Working on the Fence, Gates, and Walls for A Less Than $20,000 Apartment

Brenda Barnes, Home Grown Food Network President
November 1, 2009
What a lot has happened since I last wrote in August! We settled the last existing legal case we were involved in! Actually other people settled it and we just went along with it, very happily. I am so tired of disputes. I never was made to be a lawyer, since I want to, as Rodney King said, “just get along.”
So settling the last case forces us to think, what do we want to do for the rest of our life? I did a lot of dreaming—travel, move to Ireland or France or the Czech Republic, win the lottery. Then I thought why would I be more likely to do those things now? What I really would be more likely to do now that I don’t have to spend time, energy, and emotion on legal cases is more HGFN work.
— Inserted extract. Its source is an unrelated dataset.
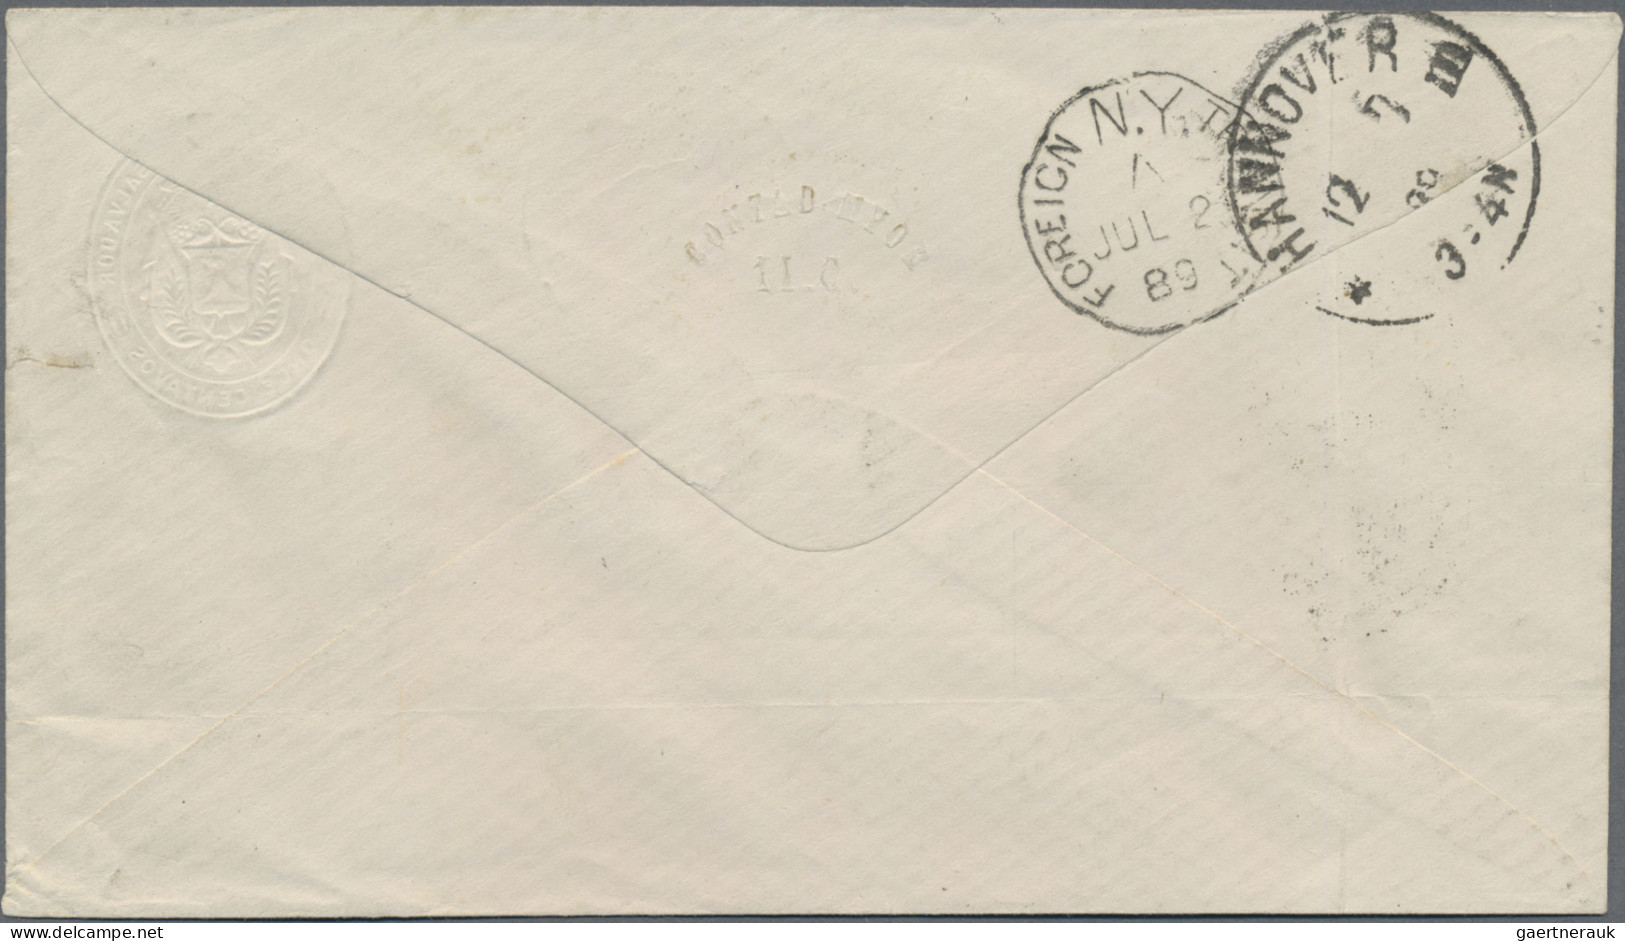 El Salvador - Postal Stationery: 1887 Postal Stationery Envelope On Private Orde - Salvador

That’s what I was doing when I was so (rudely or not) interrupted. I quit practicing law in 1997 to do that. So I started thinking what can we do now that we couldn’t do when I had to dread hundreds of hours of legal work?
First we got three hens and Peter built them a moveable coop in the back yard.
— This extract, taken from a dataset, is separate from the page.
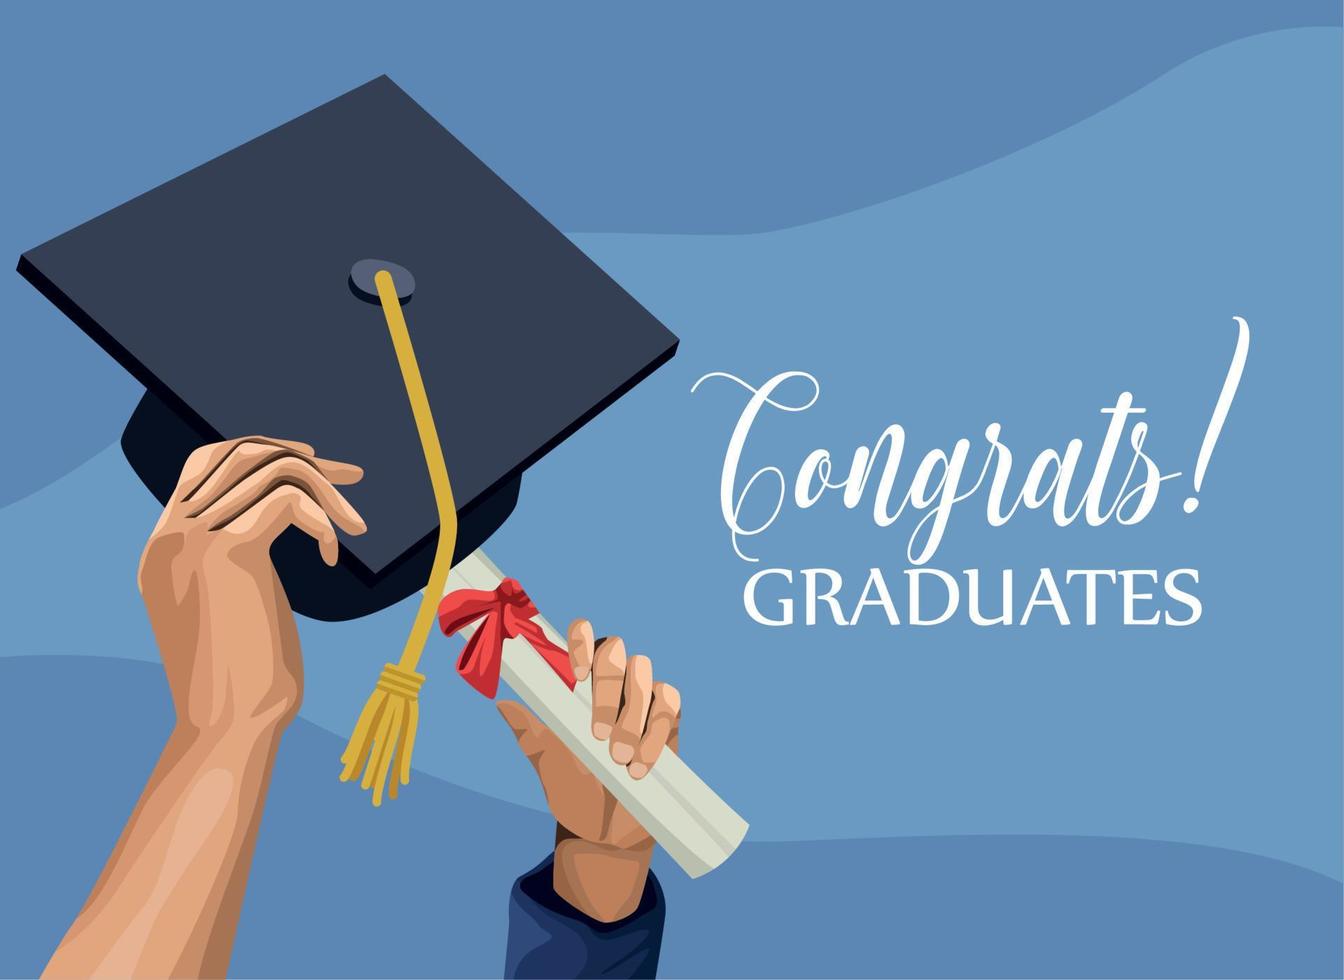 congrats graduates card vector

Then we started rearranging the house where we’re staying temporarily, so we can do a demonstration garden there and have some special events.
Then we did drawings for putting up a welded wire fence around the area and starting a compost bin and mulching where we agreed to help tenants of a client’s apartment building create and run a community garden for themselves. That has been great fun and expanded our view of what we can do.
The tenants are poorer than the focus group for Home-Grown Food Network. These tenants are people who live on Social Security Disability payments or pick-up work because there is something wrong with their past, like being ex-convicts, that keeps them from getting a job. The people we’ve aimed at for Home Grown Food Network were working poor people with two minimum-wage jobs each by two parents, so we could foresee that with only one job each they could support themselves while they built a $20,000 house with the time they used to be spending on the other jobs. These tenants are less than half that well-off.
I never thought Home Grown Food Network could help them. We don’t aim to help homeless people in general, or disabled people. We really were focused from the beginning on food security, quality, and cost. The only reason we expanded the goals of the charity to ultra-low cost housing and renewable energy is we realized once we started working on edible landscaping that since most of the plants were perennial, people needed to have stable, affordable housing, or they wouldn’t make it to harvest.
But since our client and friend is dedicated to helping these tenants, we can bypass the problem of providing long-term housing for them. Also, to cover his costs on the garden we are working with him on solar-heating the pool and apartments. So it is a very interesting way of getting back to our first goal: promoting, educating about, and demonstrating edible landscaping.
We had hardly begun when one night I kept having this recurring dream, me planting a tiny marijuana plant underneath an herb plant. I’d keep waking up and saying to myself that is ridiculous, I never saw such a small marijuana plant, or some such thing, and going back to sleep, but then I’d have the same dream again.
When I woke up in the morning I’d had that same dream at least four times. Suddenly it occurred to me that if we were going to have a community garden, we would have to confront the issue of what to do if someone planted marijuana there. Of course!
I googled “community garden” and marijuana and there were over 52,000 entries! And God had to send me the same dream four times before I even thought of it. It turns out to be a problem with every one of those 52,000 people, who are community garden managers, organizers, City officials, organization members, neighbors, and such. The ones planting the marijuana don’t seem to write, at least not in the first four pages of entries I read.
The client was adamant that allowing the tenants to make money growing marijuana—even in California, where such production for medical use is legal—was not what he wanted to do, so that was that. It will be against the rules of this community garden to plant any plant that could expose the garden to controversy. Sounds like a tradition of Alcoholics Anonymous, appropriately enough.
We are hooking up a wireless Internet connection for the tenants to share in a cubicle in the hall, with passwords we give them. We’ll see how that works.
Last time I wrote a blog I said I had read in the New York Times that estimates are there are now a million absolutely homeless people in the United States (with more being foreclosed on every day, I now hear), and besides truly homeless people there are over 30 million renters who will never even have their name on a mortgage for a house, the way things are now. There may be another 200 million who will never pay a mortgage off, to truly own a house. I think all those estimates are far too low, but whatever the number, virtually all those people could build their own houses and be free. We are very happy to be helping a truly wonderful landlord help people living in seven apartments.
It’s an exciting life. More on our and at least 231 million other people’s progress later.